Baroness Morgan of Drefelin: My Lords, it is early days. We have only just signed the convention, and we are going through the process that we need to go through thoroughly to work our way towards ratification. It is the first time that the EU has signed a convention in this way, and our ratification process needs to be taken in tandem with the EU. It is an extremely important step forward. We believe that it will have an important impact on the rights of the 650 million disabled people throughout the world. We are committed to taking it forward, and I feel very optimistic about the contribution that this Government can make.

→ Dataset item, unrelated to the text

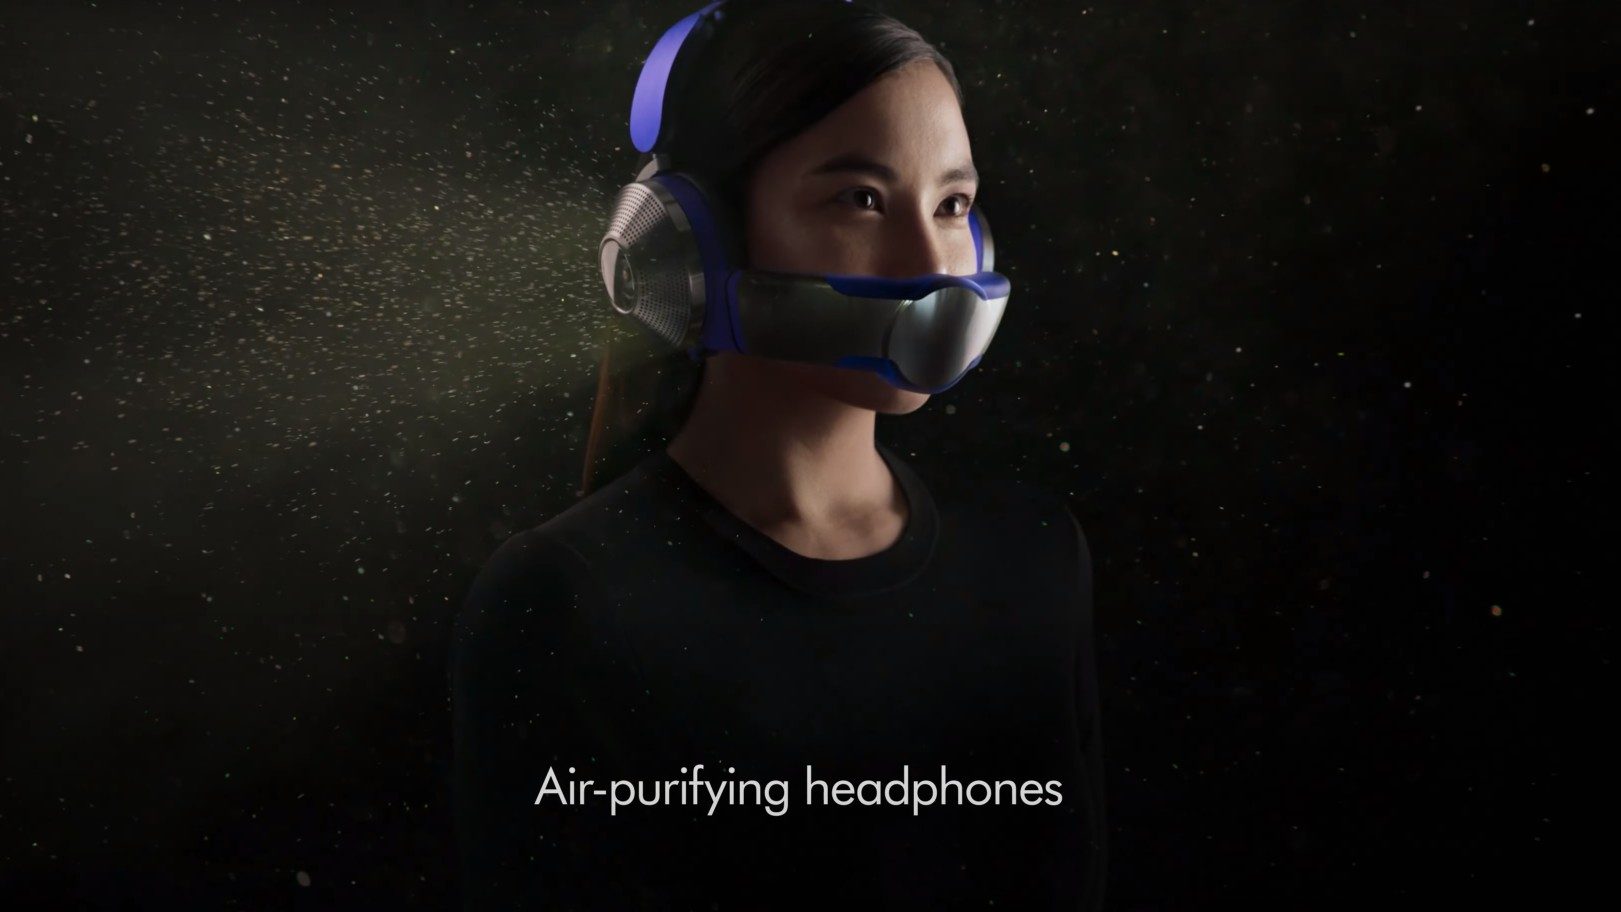 Dyson announces full specs for air-purifying headphones

Lord Lester of Herne Hill: My Lords, from these Benches we greatly welcome the Governments lead with regard to this important convention. We welcome the fact that it recognises that the 800 million people with disabilities experience serious human rights violations and we welcome the Governments announcement that they will enable enhanced treaty scrutiny in this case, by referring the convention to the Joint Committee on Human Rights, on which I serve.
Perhaps I may ask the Minister about one or two points. First, why is the Department for Work and Pensions handling this issue rather than the Department for Constitutional Affairs, which has a broad remit? That is odd. Secondly, what is the timescale for the process of considering the changes that need to be made to British law to give effect to the convention? Finally
Lord Lester of Herne Hill: Finally, my Lords, returning to the question of the noble Lord, Lord Morris, why is the United Kingdom out of step with, for example, the Optional Protocol to the International Covenant on Civil and Political Rights, in not accepting the Optional Protocol?